**Prompt**
Nothing in the copy should be a picture; everything else in the listing is to be restated exactly.

**Supplied data**
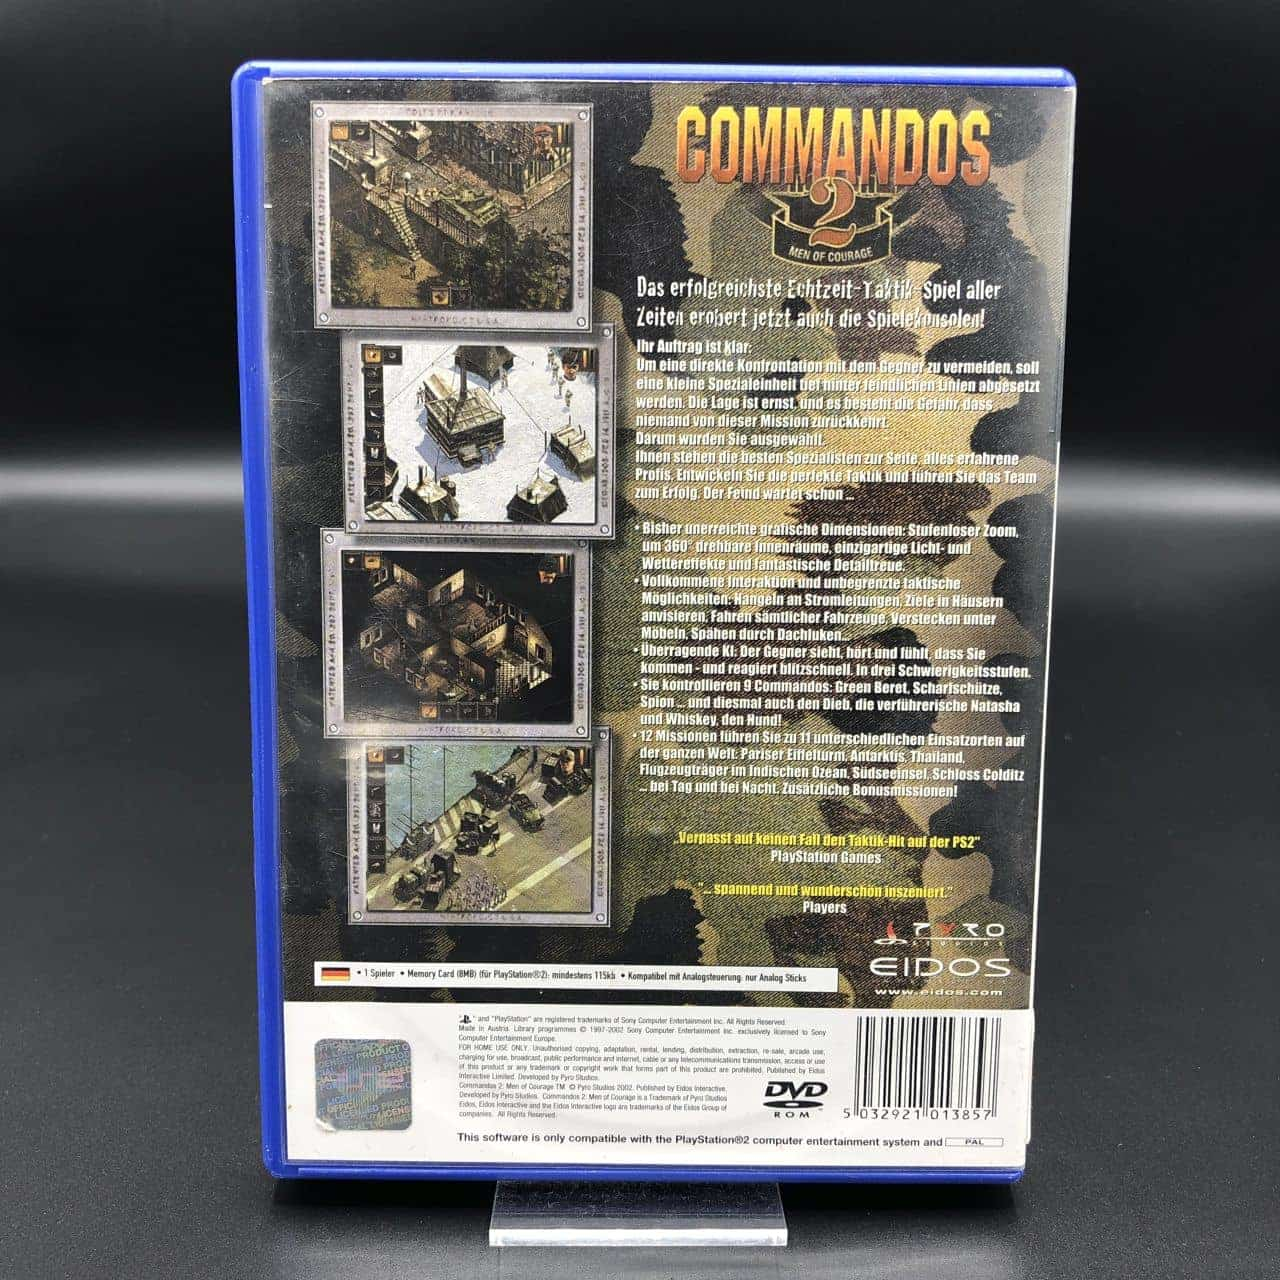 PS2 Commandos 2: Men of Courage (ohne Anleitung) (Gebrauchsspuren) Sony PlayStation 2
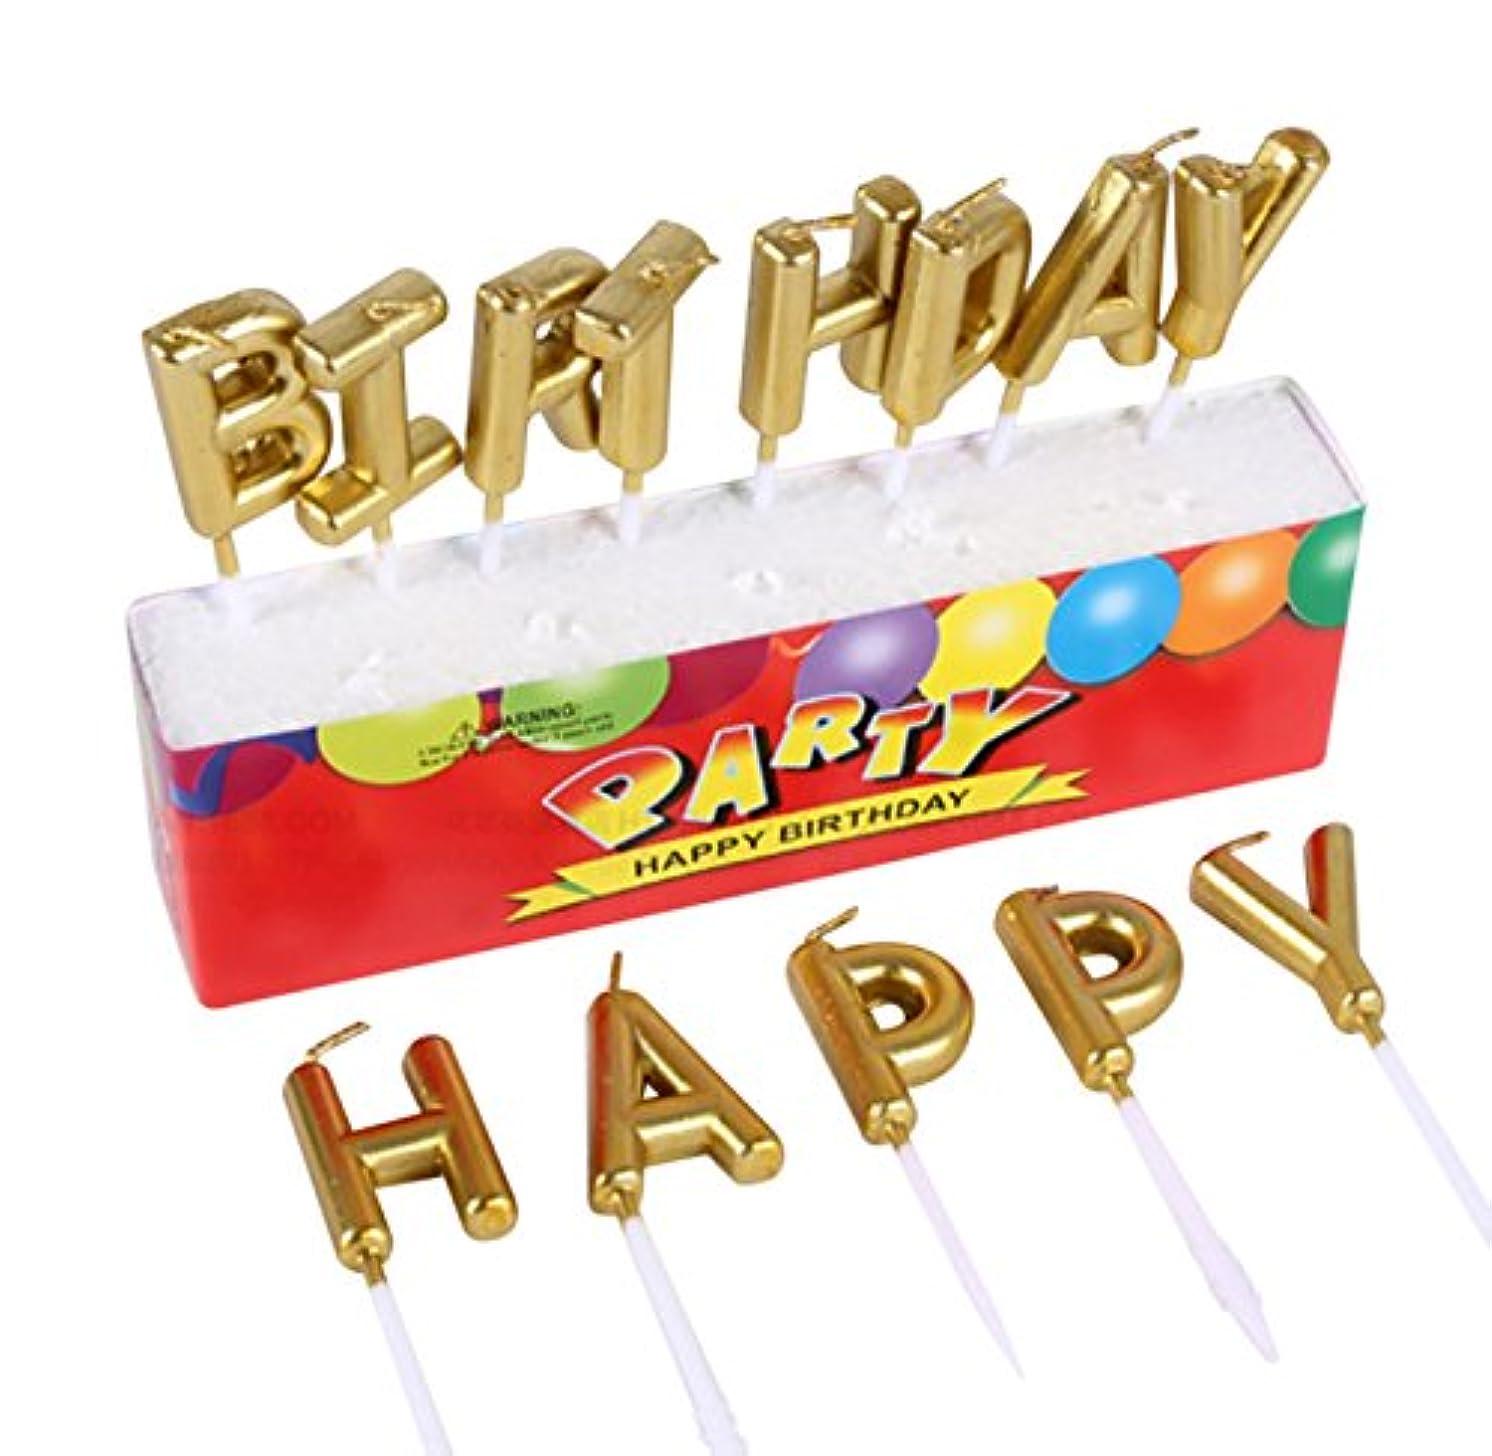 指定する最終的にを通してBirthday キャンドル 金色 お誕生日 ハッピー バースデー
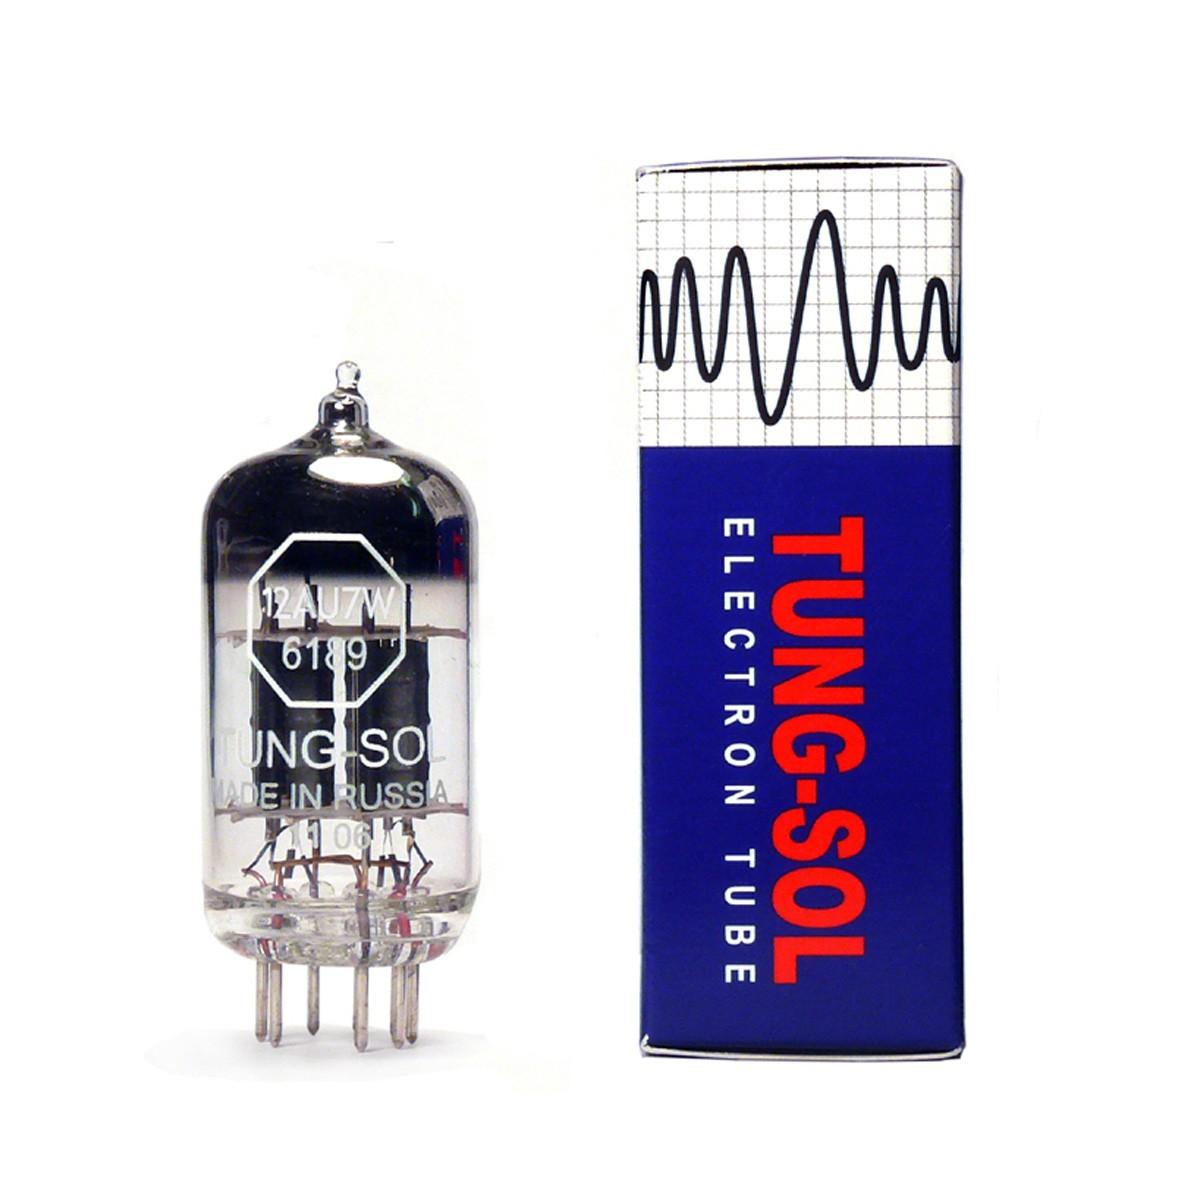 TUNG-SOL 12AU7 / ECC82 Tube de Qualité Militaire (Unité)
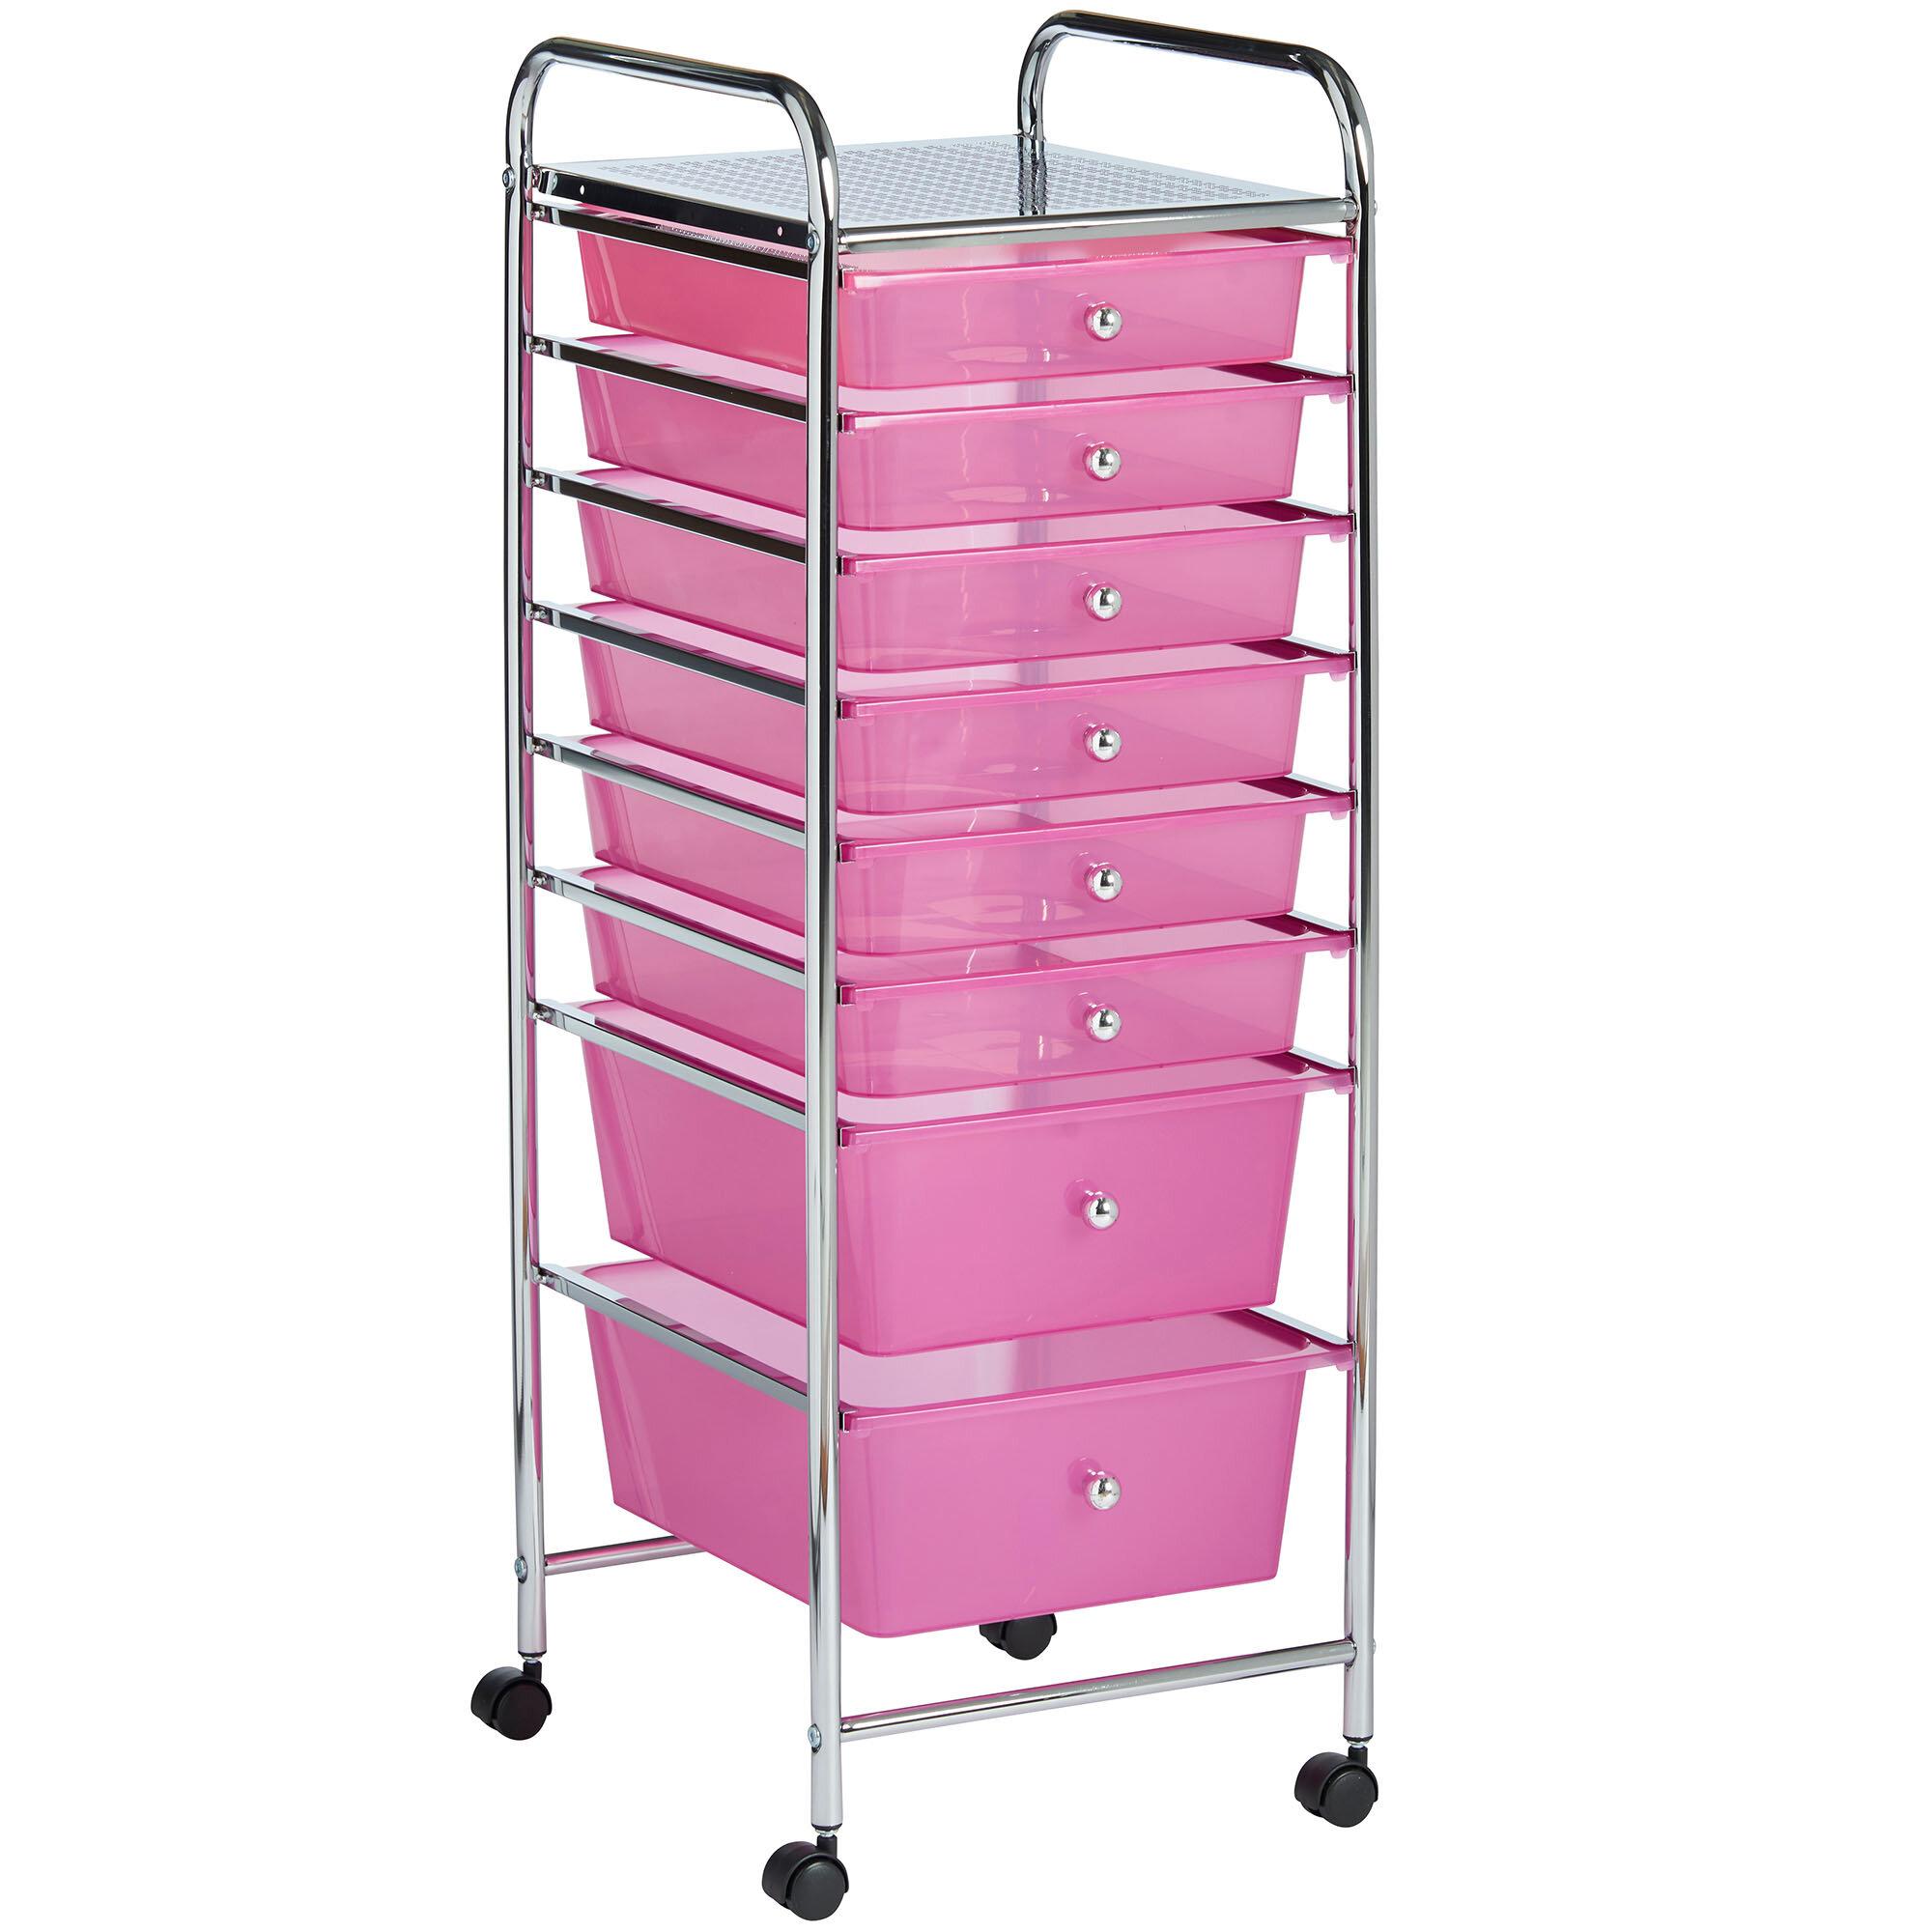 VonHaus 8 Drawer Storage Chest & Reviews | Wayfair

**Written solution**
 PS2 Commandos 2: Men of Courage (ohne Anleitung) (Gebrauchsspuren) Sony PlayStation 2
 指定する最終的にを通してBirthday キャンドル 金色 お誕生日 ハッピー バースデー
 TUNG-SOL 12AU7 / ECC82 Tube de Qualité Militaire (Unité)
 VonHaus 8 Drawer Storage Chest & Reviews | Wayfair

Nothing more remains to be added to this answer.